2.3 If Cme4.Com does not receive the full amount owed by Customer for the Service in a given annual period due to bank charges, transfer fees, or the like, Cme4.Com will re-invoice Customer for the shortfall amount. Except as set forth in the foregoing sentence, if Cme4.Com does not receive the full amount owed by Customer for the Service in a given annual period within thirty (30) days after its due date, Cme4.Com may, in its sole discretion and in addition to any other rights or remedies it may have (a) suspend the Service, (b) impose a debt service charge amounting to one and one-half percent (1.5%) of the overdue balance (or, if such amount exceeds an applicable maximum amount allowed by law, the maximum allowed) for each month or fraction thereof the overdue amount remains unpaid and/or (c) terminate this Agreement. In the event of suspension or termination of the Service, in addition to paying any past due balance and/or debt service fees, Customer shall pay Cme4.Com twenty five dollars ($25.00) in order to reactivate the Service.

3. Rules and Regulations
3.1 The Site contains information, text, designs, images, graphics, style templates, icons, HTML code, sound and video recordings, animation and other materials and effects that are protected by copyrights, trademarks, service marks, trade dress or other intellectual or proprietary rights owned by Cme4.Com or other third parties (collectively, the "Materials"). Such Materials are provided for review for individual or internal business purposes. Any other use of the Site or the Materials is strictly prohibited without the express written permission of Cme4.Com or the applicable rights holder (including without limitation, modification, republication, deletion, transmission, public performance, distribution, proxy caching, uploading, posting, reproduction, redistribution or any other dissemination of the Site or the Materials).
3.2 Customer must comply with all applicable laws, regulations, or conventions including those related to data privacy, international communications, and exportation of technical or personal data.
3.3 Cme4.Com reserves the right to determine in its sole discretion whether Customer is in compliance with this Section 3.

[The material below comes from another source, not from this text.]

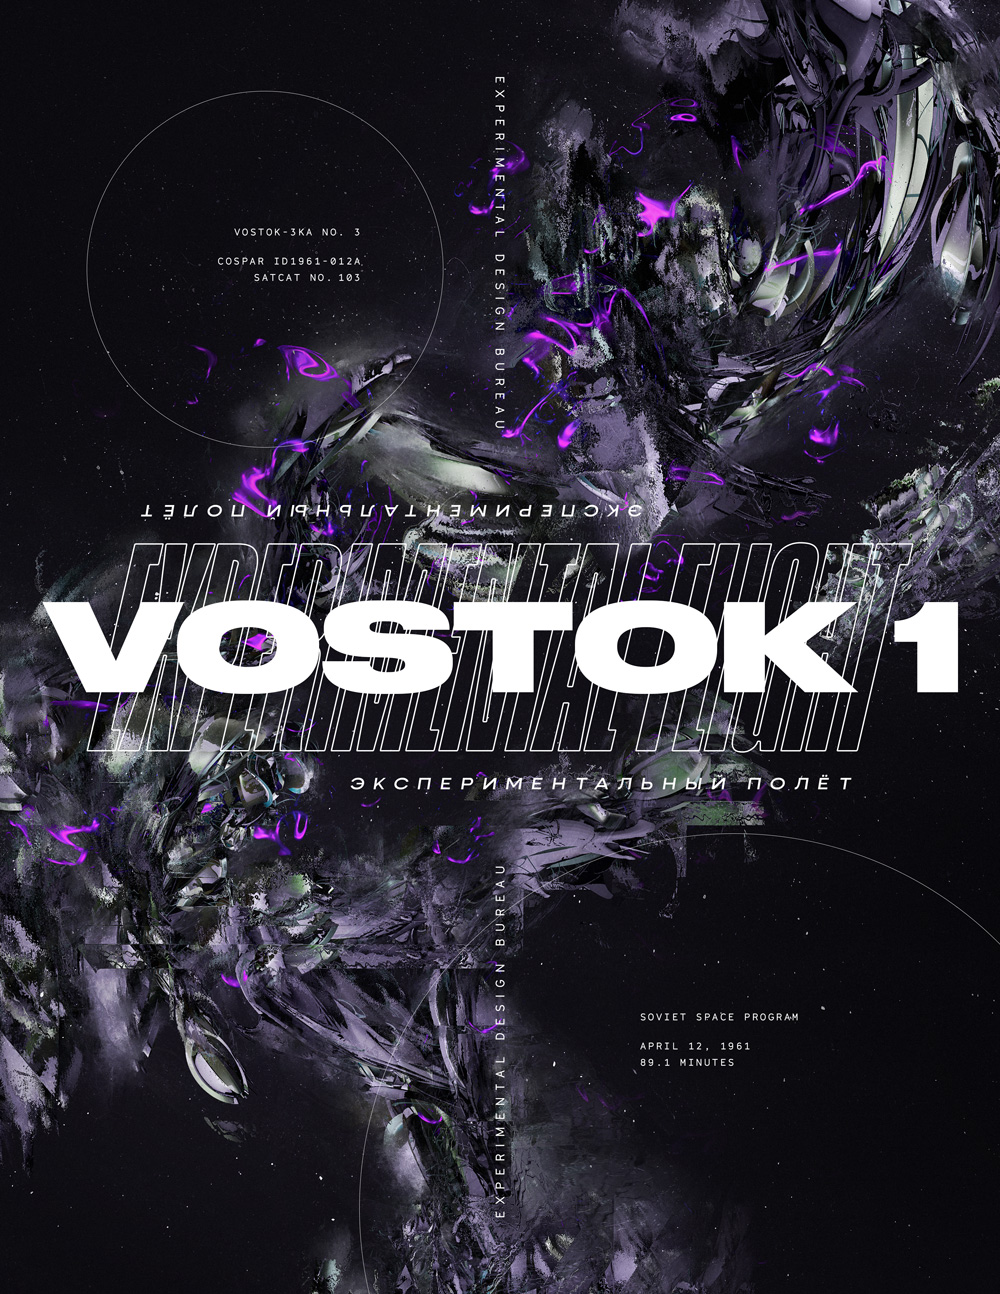 Vostek-1

4 Disclaimers; Limitation on Liability
4.1 CME4.COM DOES NOT GUARANTEE THAT THE SERVICE WILL BE CONTINUOUS OR PROVIDED AT ANY PARTICULAR TIME, OR THAT THE FACILITIES OR PROCEDURES FOR ACCESS TO CUSTOMER’S INFORMATION AND DATA CONTENT (INCLUDING THE LISTING) WILL BE SECURE. Cme4.com reserves the right to interrupt access to the Cme4.com server containing Customer’s information and data content in order to perform regular and emergency maintenance as needed.
4.2 THE SERVICE AND THE MATERIALS ARE PROVIDED ON AN "AS IS" BASIS AND AS AVAILABLE, WITHOUT ANY WARRANTY OR REPRESENTATION OF ANY KIND, WHETHER EXPRESS OR IMPLIED. Cme4.com EXPRESSLY DISCLAIMS ANY AND ALL WARRANTIES, EXPRESS OR IMPLIED, INCLUDING WITHOUT LIMITATION WARRANTIES OF MERCHANTABILITY, FITNESS FOR A PARTICULAR PURPOSE AND NONINFRINGEMENT WITH RESPECT TO THE SITE (INCLUDING THE MATERIALS) OR THE SERVICE.
4.3 NEITHER Cme4.com NOR ANYONE ELSE INVOLVED IN PROVIDING SERVICES UNDER THIS AGREEMENT WILL BE LIABLE TO CUSTOMER OR ANY THIRD PARTY FOR ANY CLAIMS OR DAMAGES FROM THE USE OF OR INABILITY TO ACCESS THE LISTING, OR FOR MISTAKES, OMISSIONS, SERVICE INTERRUPTIONS, DELETION OF FILES, LOSS OF DATA, ERRORS, DEFECTS, MISDELIVERIES, DELAYS IN OPERATION OR TRANSMISSION OR ANY FAILURE OF PERFORMANCE, WHETHER OR NOT LIMITED TO ACTS OF GOD, COMMUNICATION FAILURE, THEFT, DESTRUCTION OR UNAUTHORIZED ACCESS TO Cme4.COM'S SERVER, RECORDS, PROGRAMS OR SERVICES. CME4.COM SHALL NOT BE LIABLE FOR ANY LOSSES OR DAMAGES WHATSOEVER RESULTING FROM ANY FAILURE OF THE INTERNET.
4.4 BY ENTERING INTO THIS AGREEMENT, CUSTOMER EXPRESSLY ACKNOWLEDGES THAT CME4.COM'S LIABILITY IS SPECIFICALLY LIMITED TO THE AMOUNTS PAID TO AND RECEIVED BY CME4.COM FOR THE SERVICE. CUSTOMER WAIVES ALL RIGHTS OF RECOVERY OF ANY DAMAGES, WHETHER ACTUAL, SPECIAL, PUNITIVE OR CONSEQUENTIAL, THAT CUSTOMER MAY INCUR OVER AND ABOVE SAID AMOUNTS, INCLUDING, WITHOUT' LIMITATION, DAMAGES FOR LOST DATA, USE, PROFITS, INCOME, SAVINGS, LOSS OF OR DAMAGE TO PROPERTY, GOODWILL OR ANY CLAIMS OF THIRD PARTIES WHATSOEVER WITH RESPECT TO THE SITE (INCLUDING THE MATERIALS) OR THE SERVICE. Some states do not allow the exclusion or limitation of liability of consequential or incidental damages, so the above exclusions may not apply to all users; in such states liability is limited to the fullest extent permitted by law.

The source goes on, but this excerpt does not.